Problem requirements
In the material below, the lines between the one holding "Bernie Sanders tenait" and the one holding "13η εθελοντική αιμοδοσία", inclusive, are to be set down word for word. Pictures stay out.

Study material section start

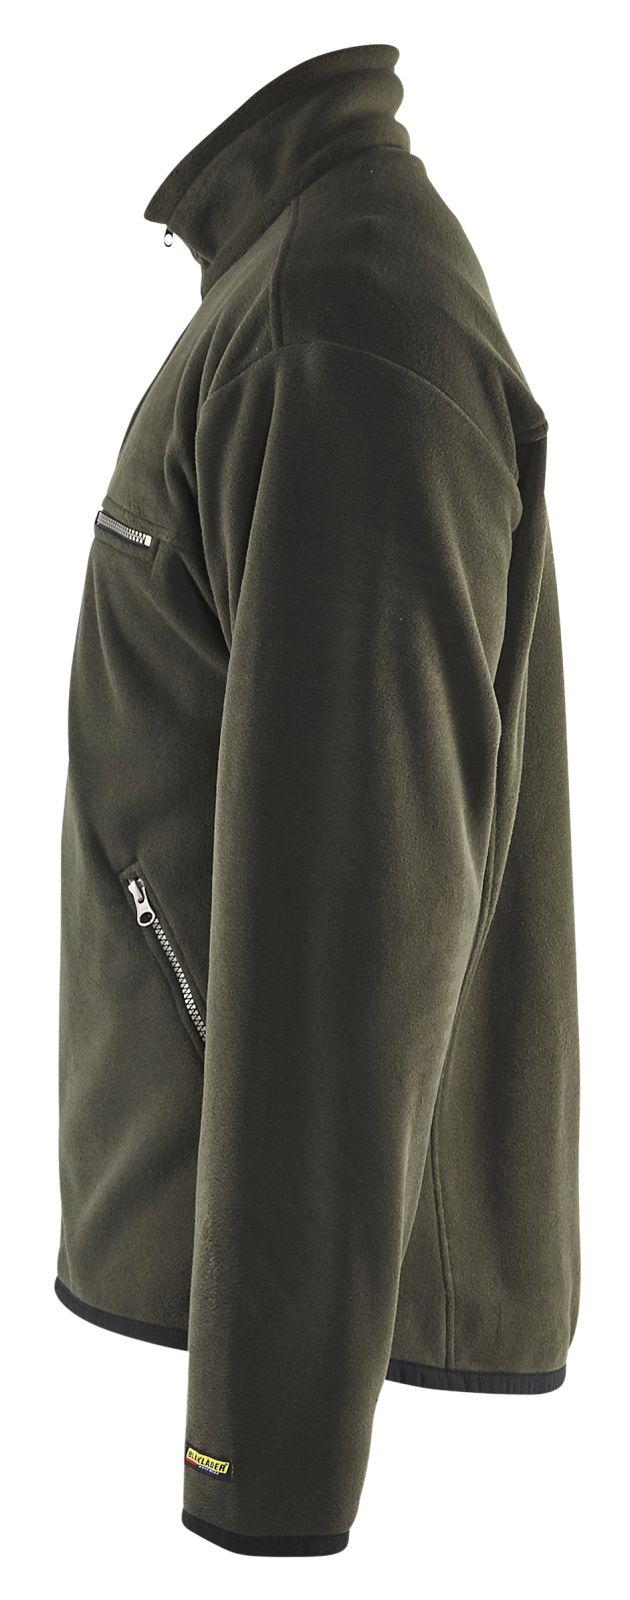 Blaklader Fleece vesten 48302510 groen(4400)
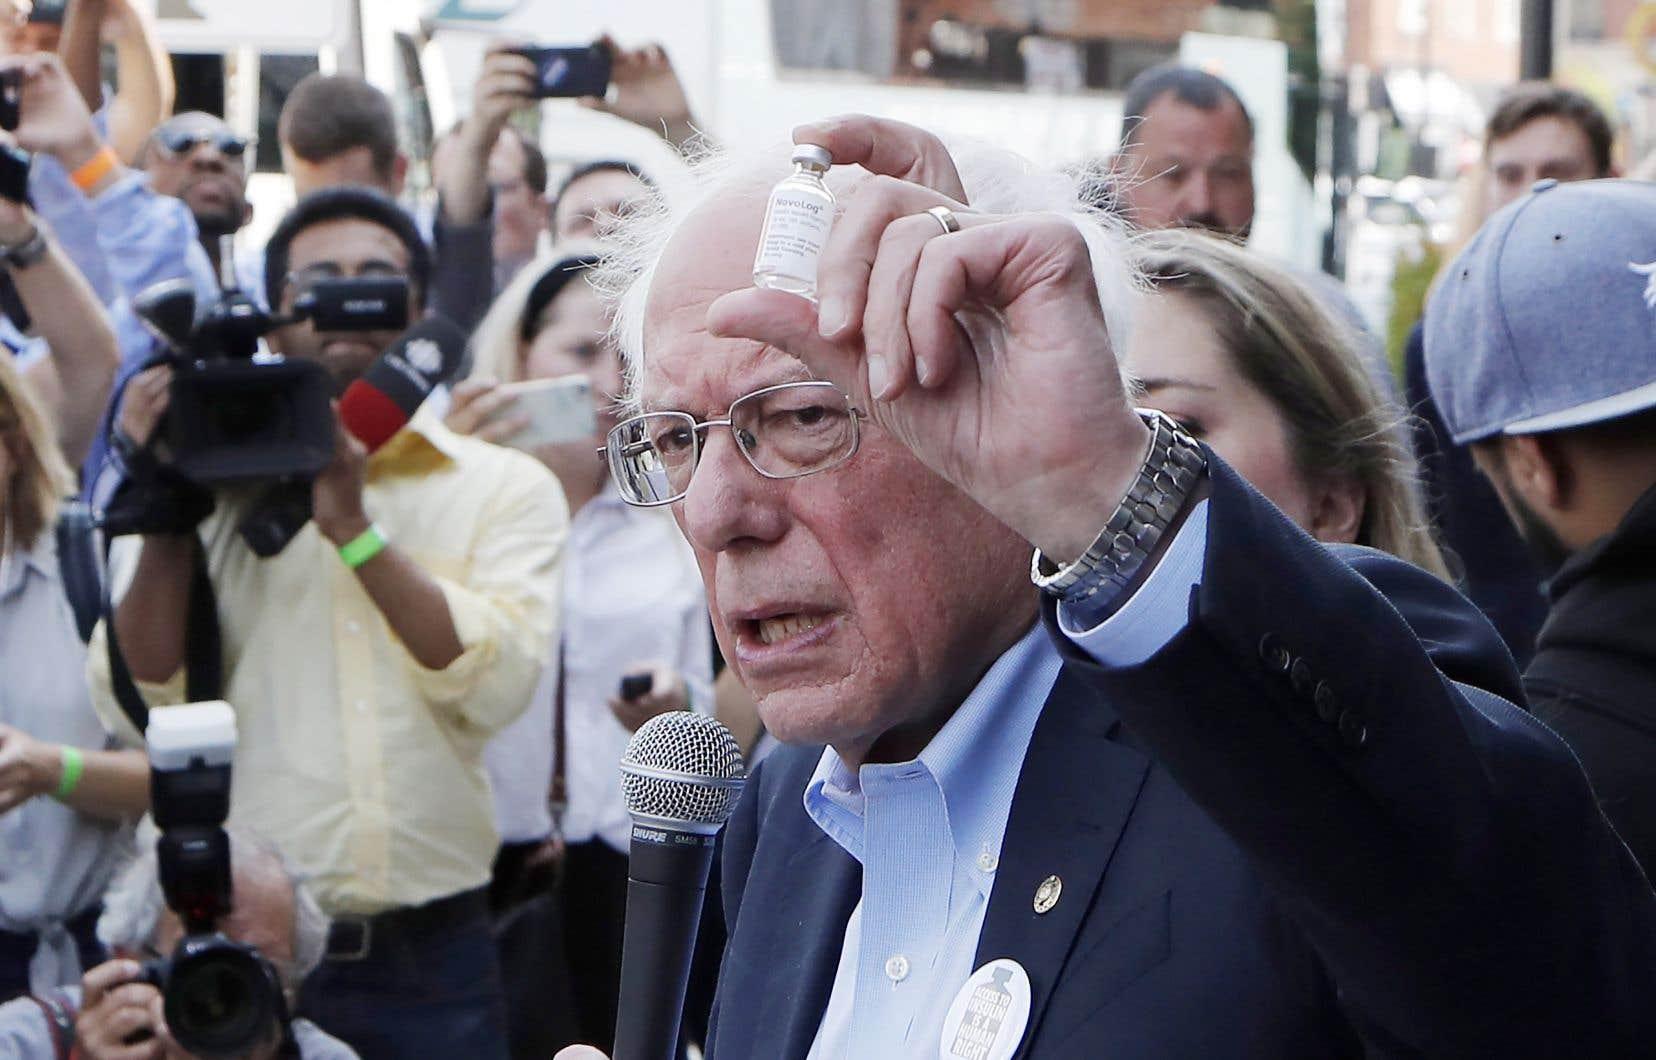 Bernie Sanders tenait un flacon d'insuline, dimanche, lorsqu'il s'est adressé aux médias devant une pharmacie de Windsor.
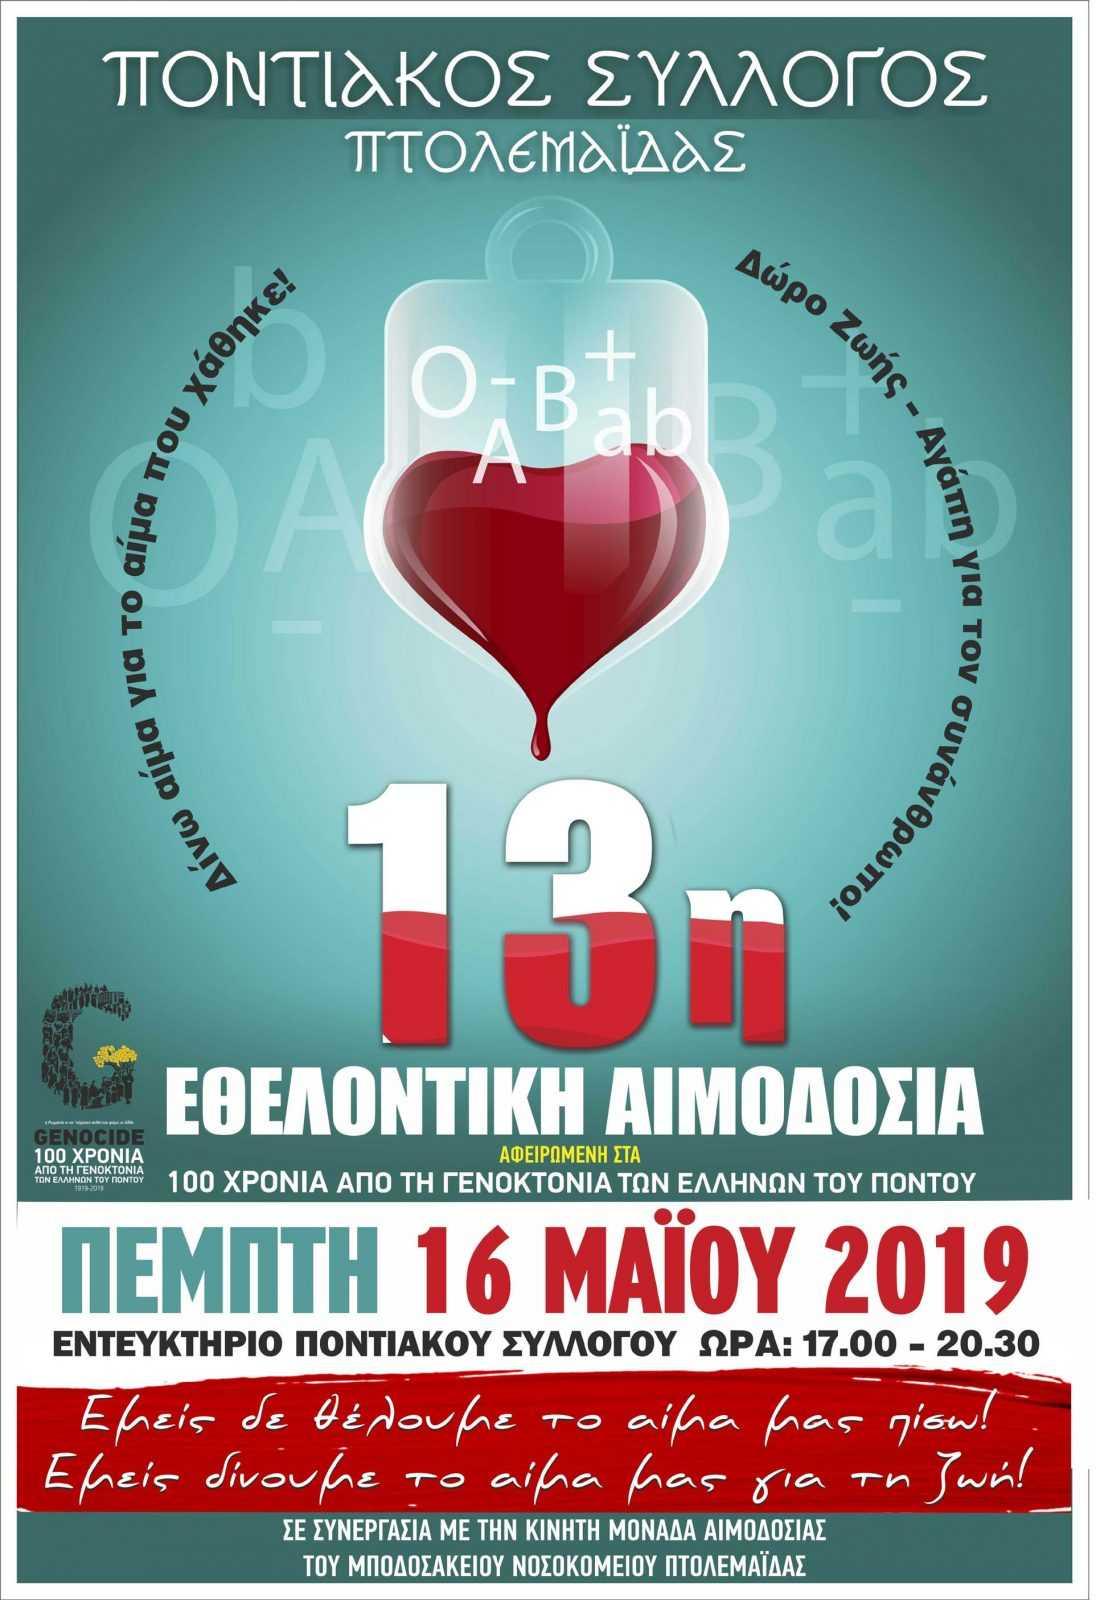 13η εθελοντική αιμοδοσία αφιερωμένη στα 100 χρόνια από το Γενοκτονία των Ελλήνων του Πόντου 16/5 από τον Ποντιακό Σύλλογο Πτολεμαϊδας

Study material section end
Study material section start

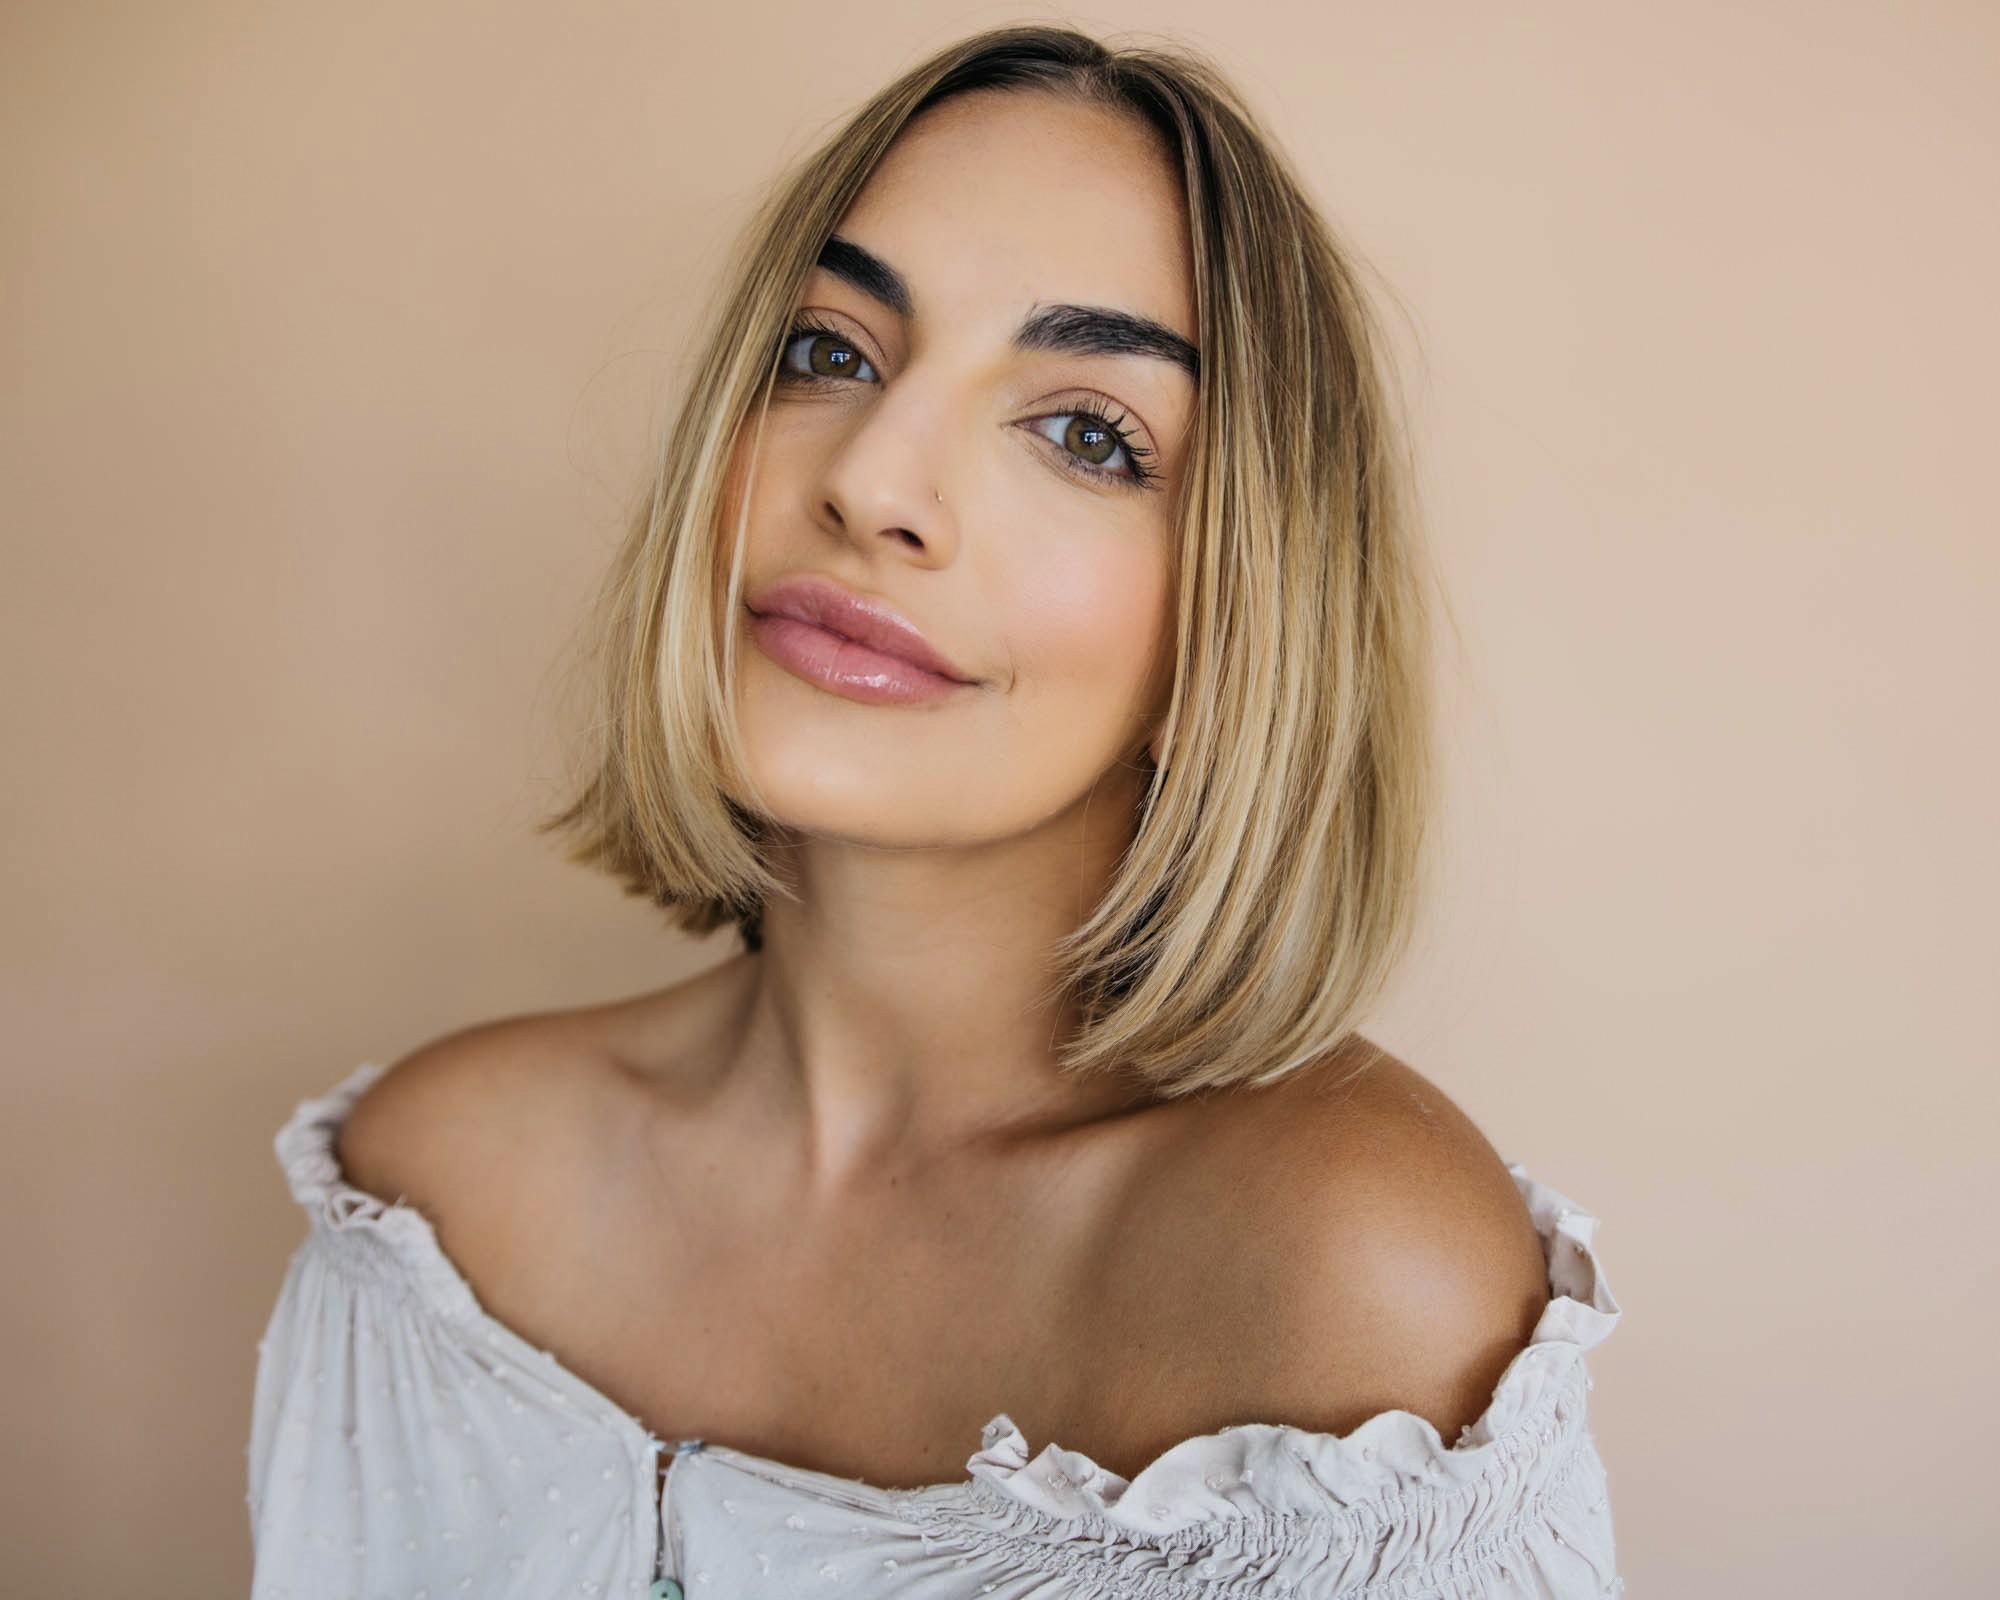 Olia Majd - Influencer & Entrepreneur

Study material section end
Study material section start

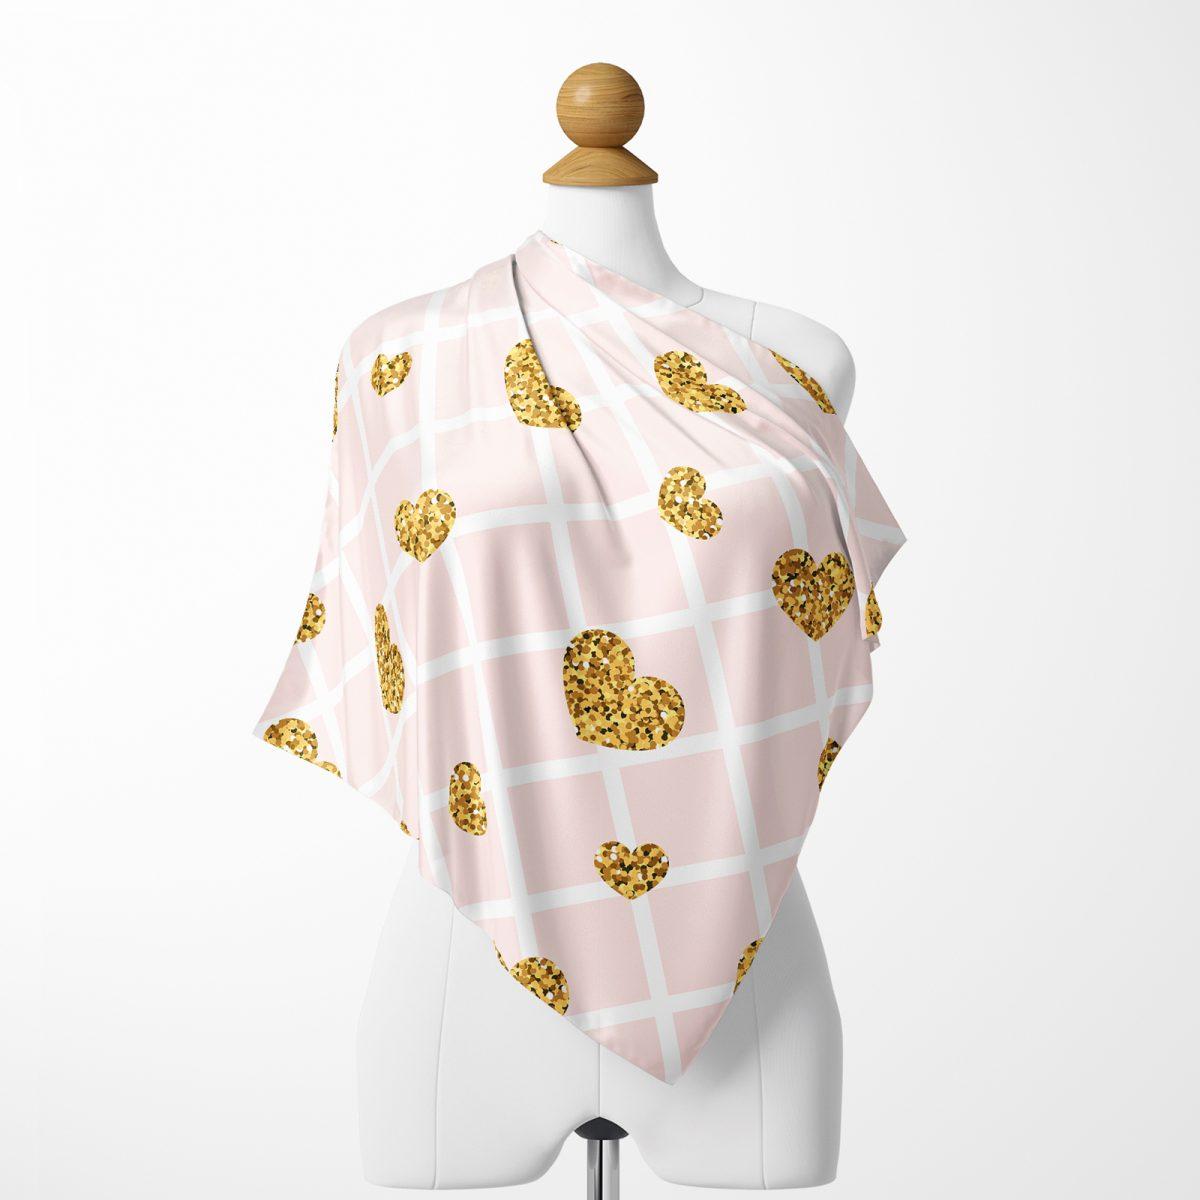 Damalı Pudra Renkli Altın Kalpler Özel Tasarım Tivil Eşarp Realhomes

Study material section end

Output of the exercise
 Bernie Sanders tenait un flacon d'insuline, dimanche, lorsqu'il s'est adressé aux médias devant une pharmacie de Windsor.
 13η εθελοντική αιμοδοσία αφιερωμένη στα 100 χρόνια από το Γενοκτονία των Ελλήνων του Πόντου 16/5 από τον Ποντιακό Σύλλογο Πτολεμαϊδας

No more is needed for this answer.